Saturday, September 26, 2020

Entertaining my subconscious.

Listening to my al time favorite, a tune that moves my spirit from the frst time heard it played on an Long Play Album at a dorm apartment of the University of Wisconsin , Green Bay, Wisconsin in 1979. I had just returned from trip to the South West States of New Mexico, Arizona and Colorado, living out f my Chevy Impala 1965 model which was flattened on her passenger from front to the back by a hit and run accident on Highway 666 on the border between New Mexico and Colorado between the small towns of Gallup and Durango. It happened at one in the morning in total darkness with drizzling rain and it happened on the Navajo Reservation. It was an unforgettable experience, but strangely enough I was not afraid even as it happened for i was fully awake and had anticipated the crash. I remember having raised my legs to my chest and wrapping my arms around them as the car made a ne complete spin on the wet tar surface when she was sideswiped. I even remeber telling myself that if I was going to be hit it might as be on my passenger's side and swerve the car into the left lane.Yes I was saved by the Grace of the Lord or should i say that of the Virgin Marry whose image was stuck on the dashboard of the car. The Chevy had onc belonged to Grandma Counard my girlfriend's grandmother who gave it to her and who sold it to me for two US dollars so as to get the paper works done for the transfer of ownership.


It was the first time I was listening to the song "Wish You Were Here" by Pink Floyd and it was a revelation of sorts for me although I was on the verge of being wiped out by a bottle of Whiskey which the owners of the apartment had provided me to sooth my nerves after a long and weary travel across the United States from the Northern City if Green Bay, Wisconsin to the South to the small town of Tombstone, Arizona. I must have written about this incident a dozen of tie over the years but sometimes it comes back to me as i woke up this mornig and I had to write wondering where or what it will reveal if I keep on writing.


The subconscious mind has its ways of revealing its hidden secrets if and whenever I am in the right state of mind - like no mind is the best state of mind.

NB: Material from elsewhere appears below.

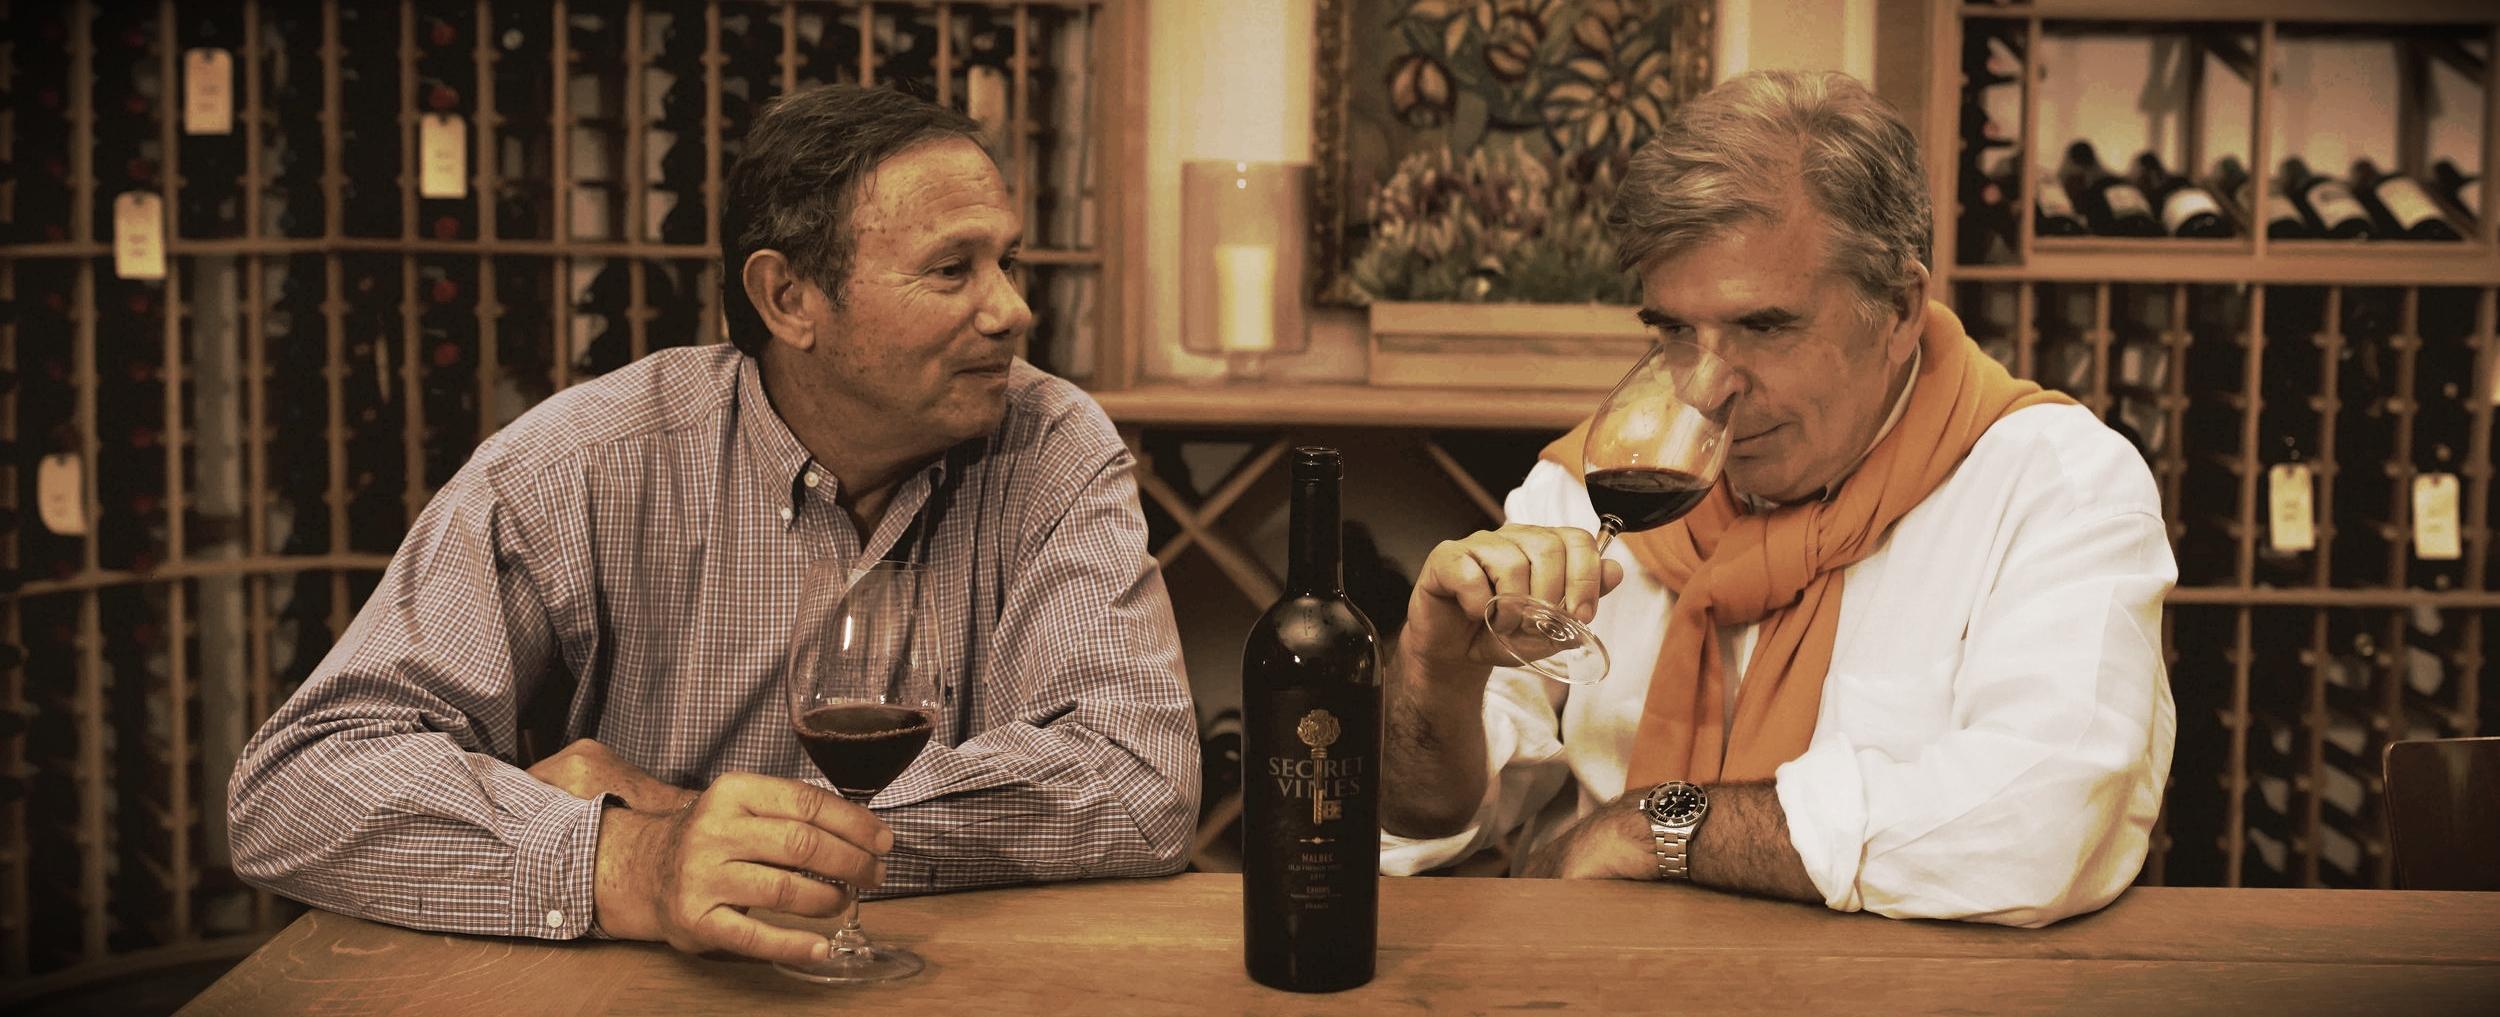 Secret Vines Wine Lifestyle Photography Miami Product Photographer Proofs-63.jpg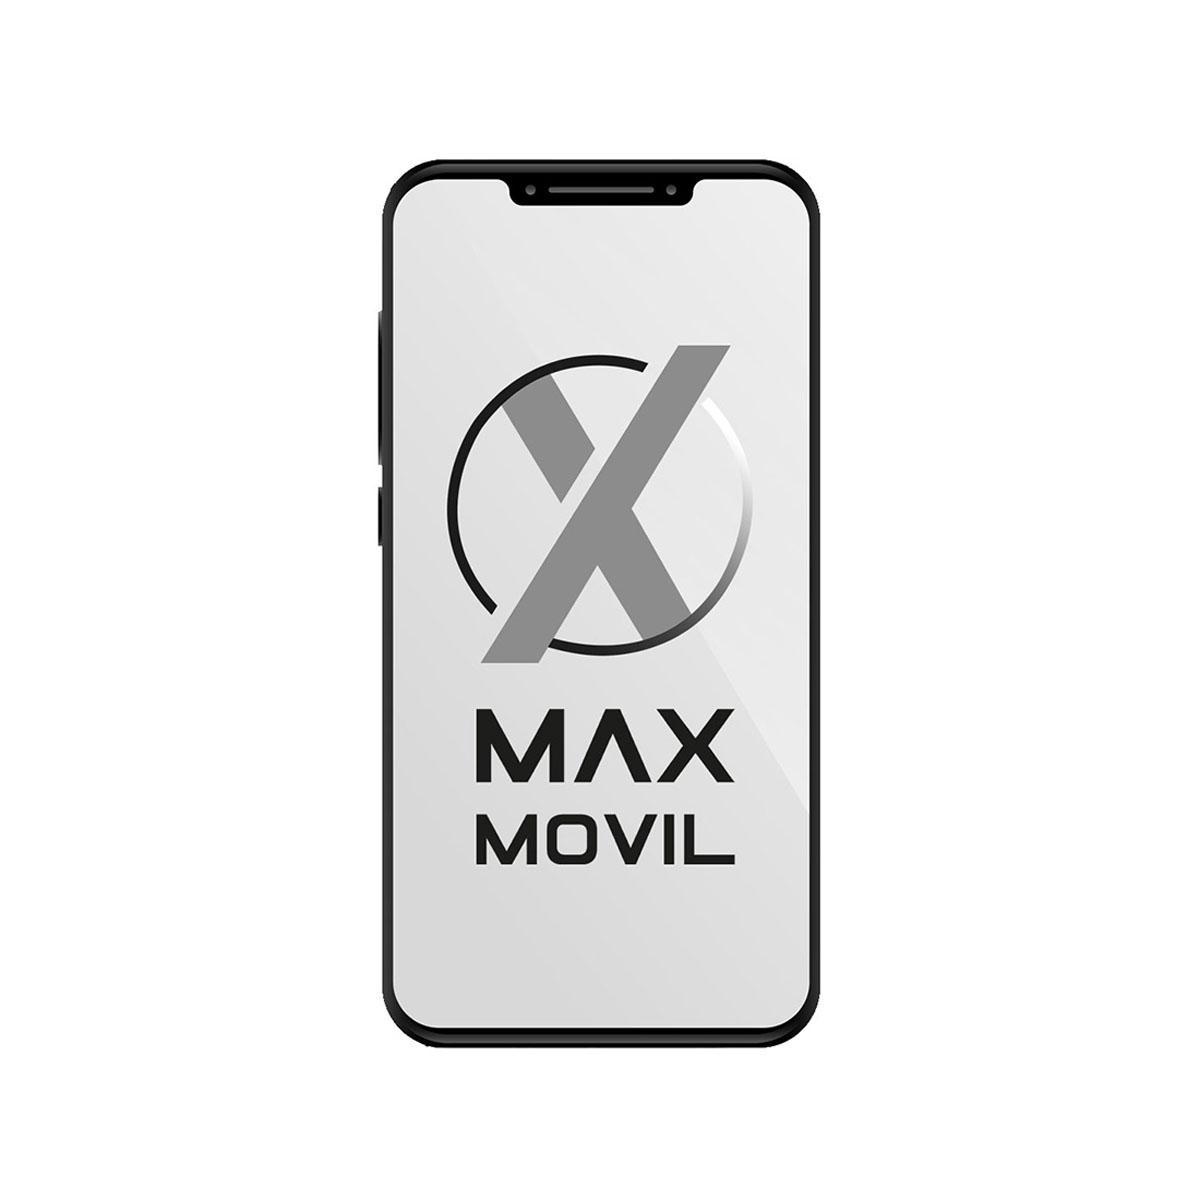 Funda libro Lg CCF-300 blanca para LG Nexus 5

In moments like these I would be exposed to thoughts that are seemingly random and revealing to what I have been trying to understand about myself. This morning as I sat outside and after feeding the birds with bread crumbs my mind was relatively quiet. Before me were dark hevy rain clouds hovering over the green Penang Hill and the fields of the race course to my right was lush green, it was like I was in some cool western country where winter was around the corner. Suddenly the thought, You are the Atman, you are not the body or the mind, came into my head. In this dimension of your existence you are the creator, the projector of what you behold. You are the master of your own destiny and your will shall be done. Like Wow! Where did that come from  asked myself, I have long since learned not to allow my ego to entertain any further implications on this and so I as a Muslim simply recited a short prayer, Astargfirullah ilAzim, simply asking for forgiveness lest I get carried away with this self aggrandizement, Howqever i did felt elated for the moment and decided it was time to make some breakfast for myson to take with him to work. It helps me to remind myself that I am also the servant of humanity in whatever form it may be.